Un mot avant de finir sur la Méditerranée, « un espace d'imaginaire,
exubérant, une petite mer située dans un endroit stratégique qui a vu
naître de grandes civilisations, et pas seulement la Grèce. Des
paysages magnifiques, la Corse est un exemple. Je me dis parfois
qu'il vaudrait mieux qu'un seul empire domine la Méditerranée ».
Qui est devenue aujourd'hui une mer de clandestins.

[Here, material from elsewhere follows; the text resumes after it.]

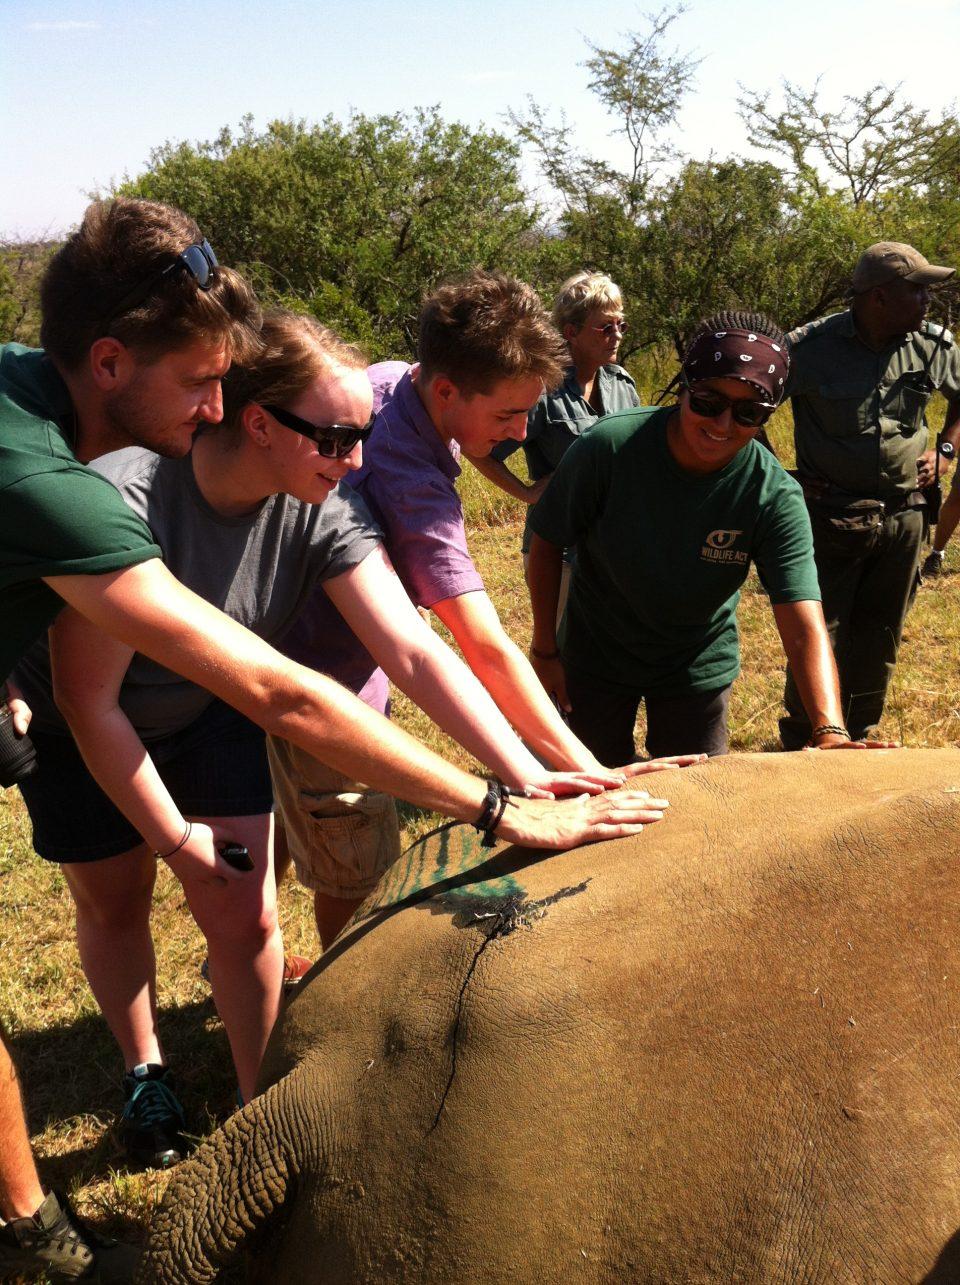 Volunteers with sedated rhino

Faut-il les
accueillir?
« L'Europe a besoin d'un sang nouveau, la démographie stagne, elle
devrait pouvoir accueillir beaucoup plus mais la machine économique
européenne est en panne ».
Un dernier regard sur la Corse avant de se quitter...
« Elle m'éblouit, je l'envie d'avoir su résister au tourisme de masse,
d'avoir sauvegardé ses espaces naturels. La Corse est magnifique ».